# Continental Reformed Polity



## deathtolife (Sep 27, 2017)

Hello there-

Can anyone refer me to literature that is on polity from a dutch/continental reformed tradition? 

Thanks!


----------



## richardnz (Sep 27, 2017)

_With Common Consent: A Practical Guide to the Use of the Church Order of the Canadian Reformed Churches_. by WWJ Van Oene is the best I have read. Although written for the CanRC it applies to all Reformed churches who use the Church Order of Dordt as a basis for their own Church Order, which is most of them. He emphasises the non-hierarchical nature of Reformed church government and explains many practical aspects of each of the Articles.


----------



## Guido's Brother (Sep 27, 2017)

Besides VanOene, there's also The Church Order Commentary by Van Dellen and Monsma. Just make sure that you get the third edition (it's based more closely on the Church Order of Dort). There's also a lot of helpful information at this website: officebearers.com


----------



## Jack K (Sep 27, 2017)

_The Church Order Commentary_ (co-written by my great-uncle Martin Monsma) is, I have heard, considered the go-to reference among works published in the U.S. I suppose its reputation may have been built up just a wee bit within my own family.
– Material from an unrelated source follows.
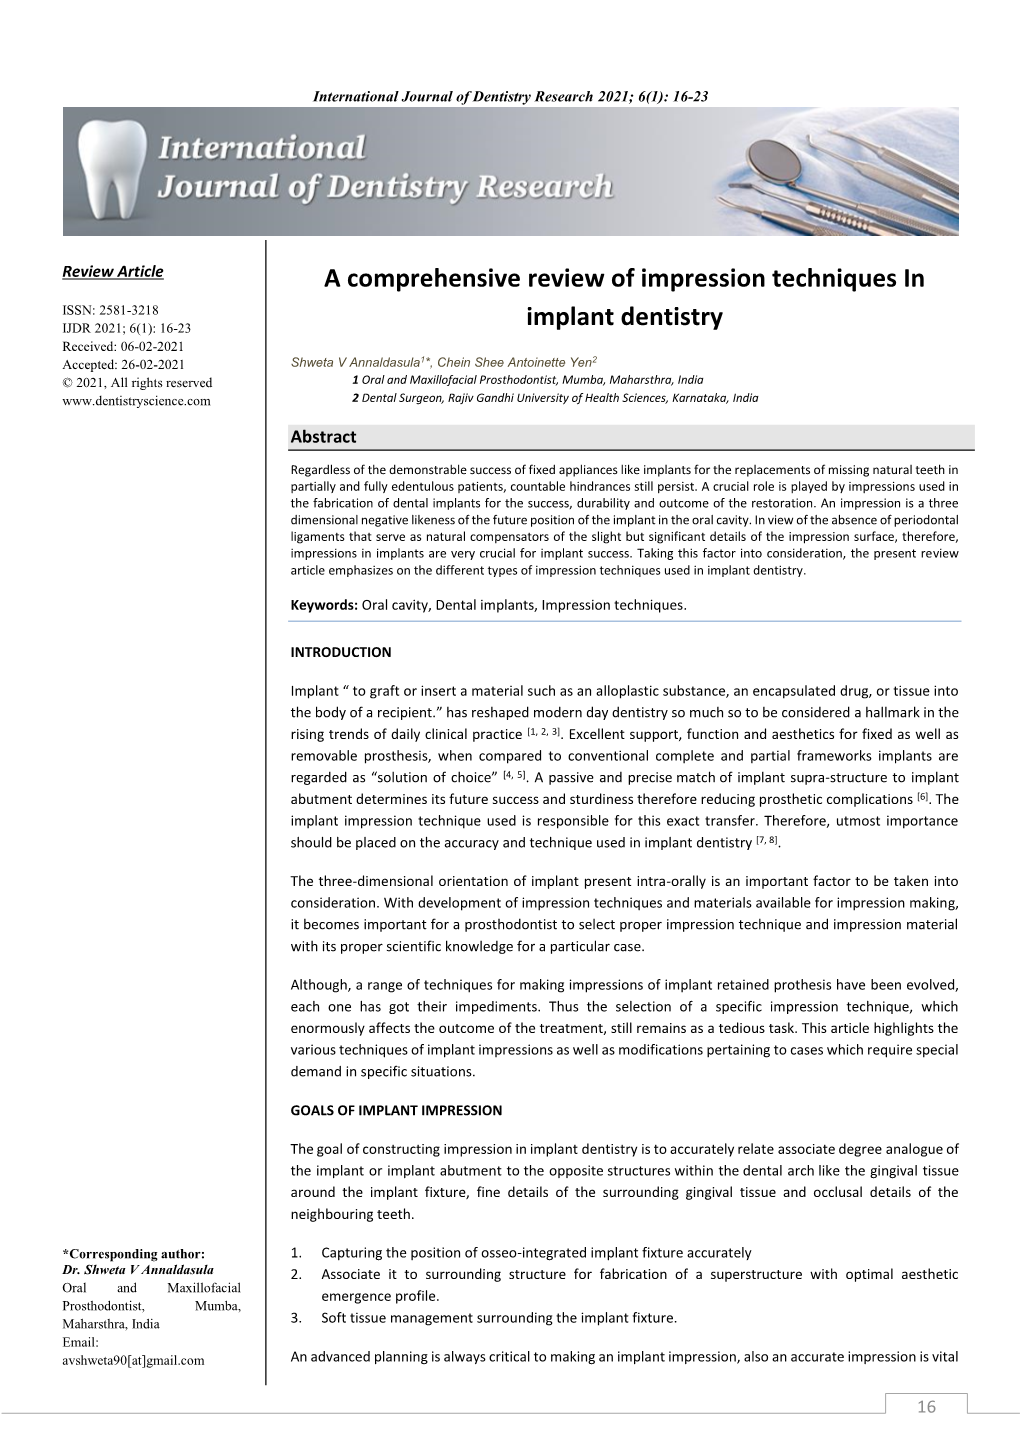 A Comprehensive Review of Impression Techniques in Implant

But when I've paged through the copy that now languishes in my dad's basement, I've found it to be not just a good reference but interesting reading.

You can still get it in print, or now as an e-book.


----------



## Stephen L Smith (Sep 28, 2017)

The Reformed Churches of New Zealand also use "Bond yet free - readings in Reformed Church polity" https://reformedbookservices.com/product_info.php/bound-yet-free-p-3166


----------